Data provided:
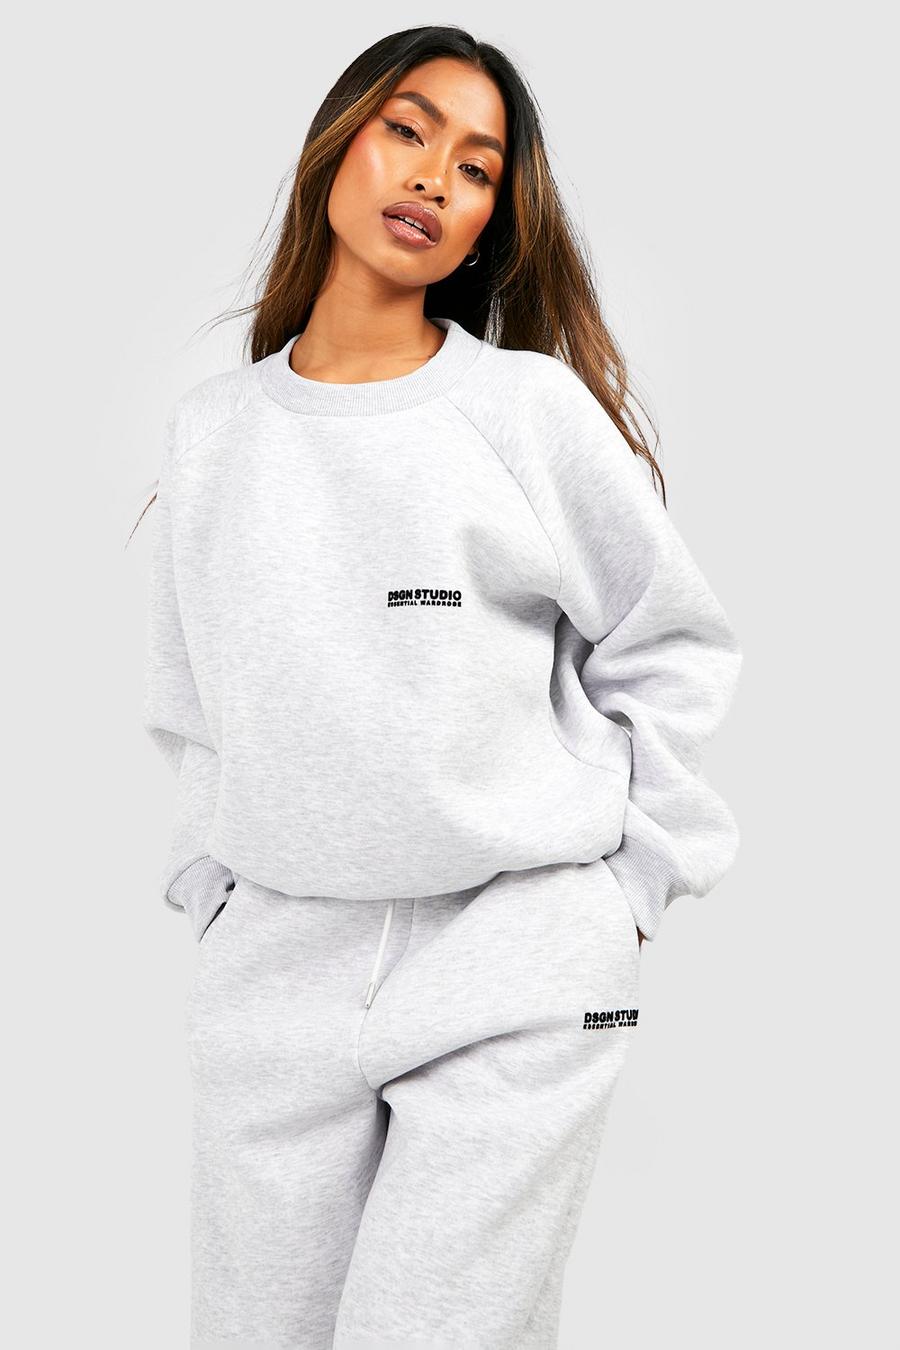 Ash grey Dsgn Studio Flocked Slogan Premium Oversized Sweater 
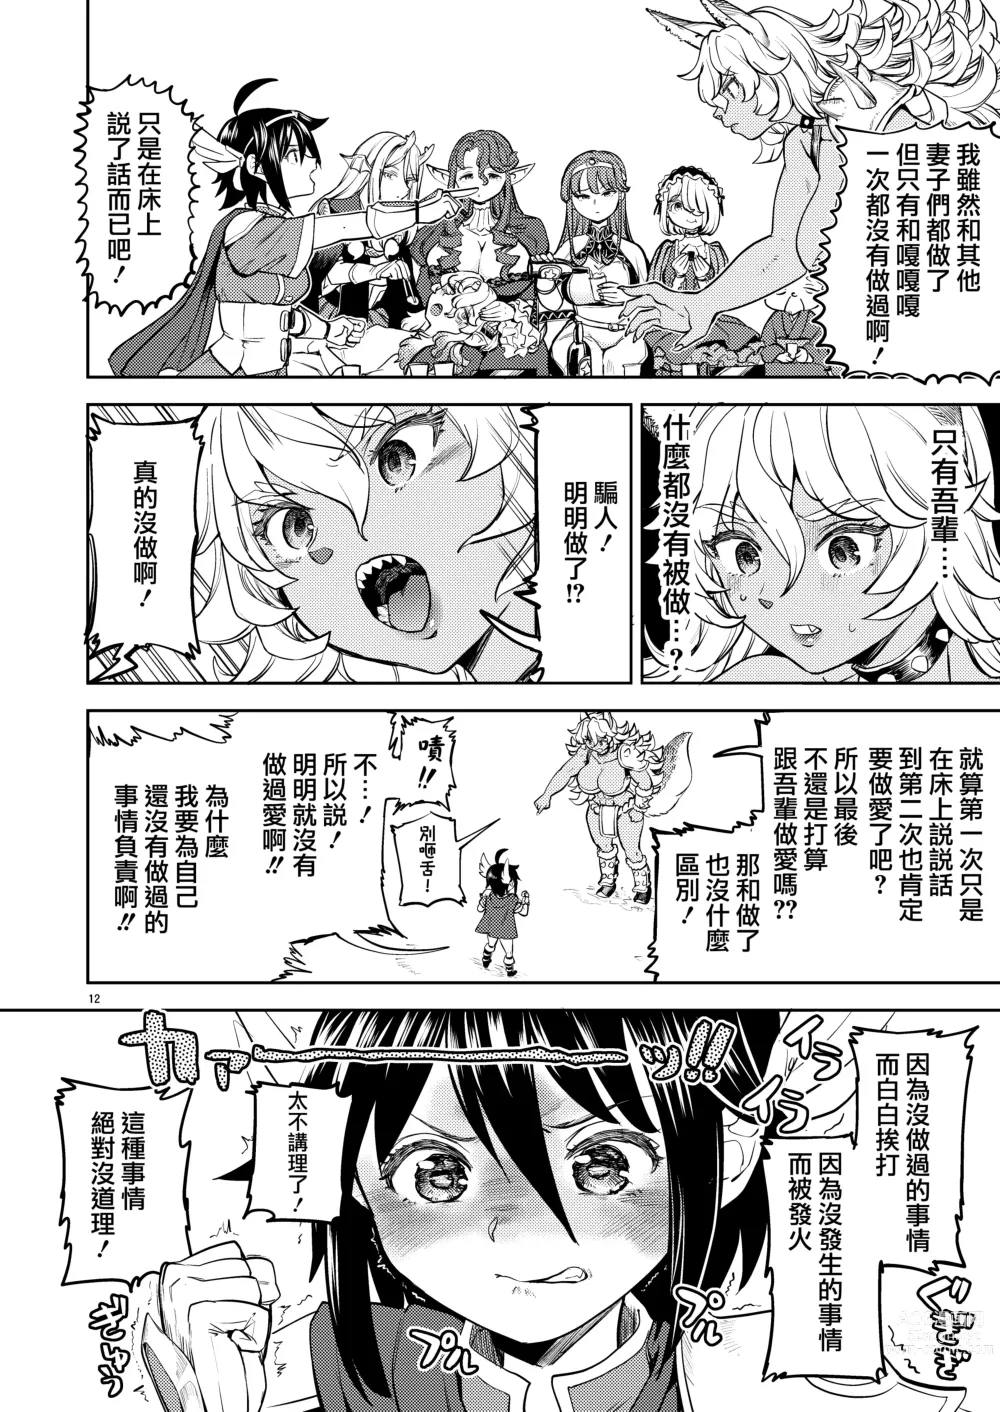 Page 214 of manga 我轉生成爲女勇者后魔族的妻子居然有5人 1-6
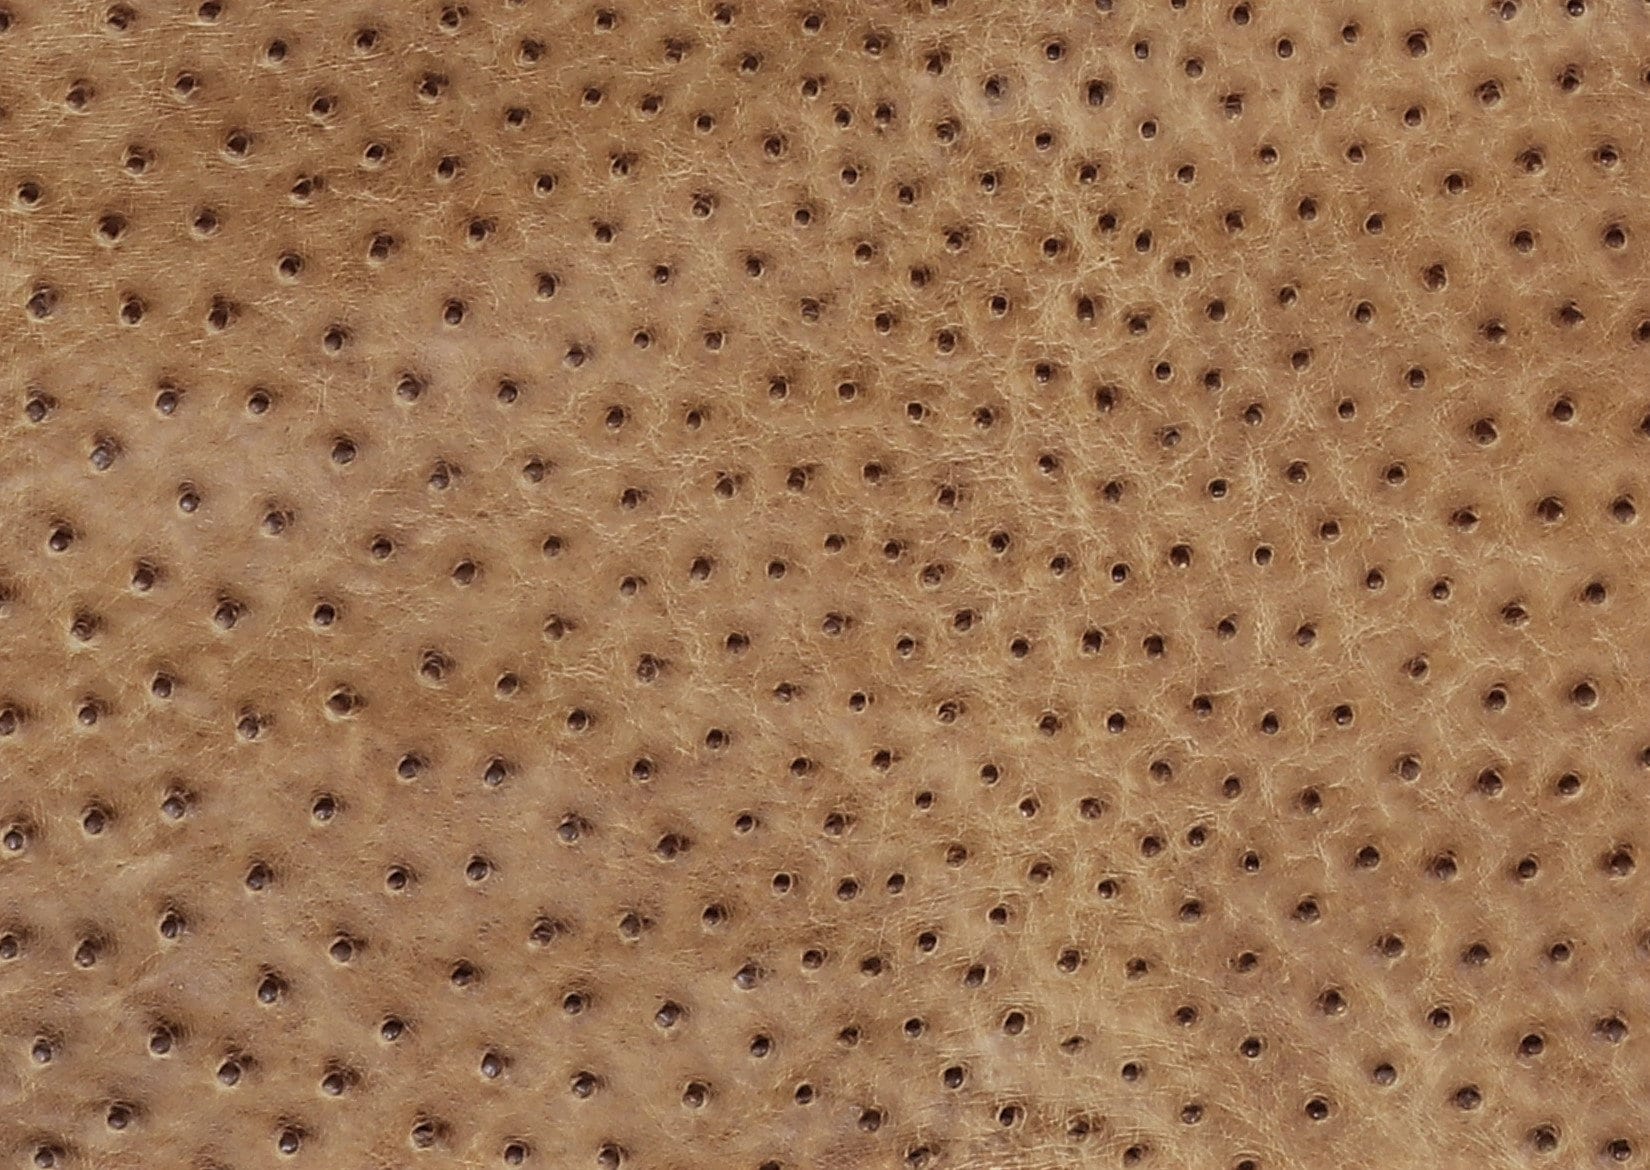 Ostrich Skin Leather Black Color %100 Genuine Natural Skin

Goal of the exercise: The lines running from the one with "Page 214 of manga 我轉生成爲女勇者后魔族的妻子居然有5人 1-6" to the close of the material above are to be retyped exactly; no picture is to be included.

Task solution:
 Page 214 of manga 我轉生成爲女勇者后魔族的妻子居然有5人 1-6
 Ostrich Skin Leather Black Color %100 Genuine Natural Skin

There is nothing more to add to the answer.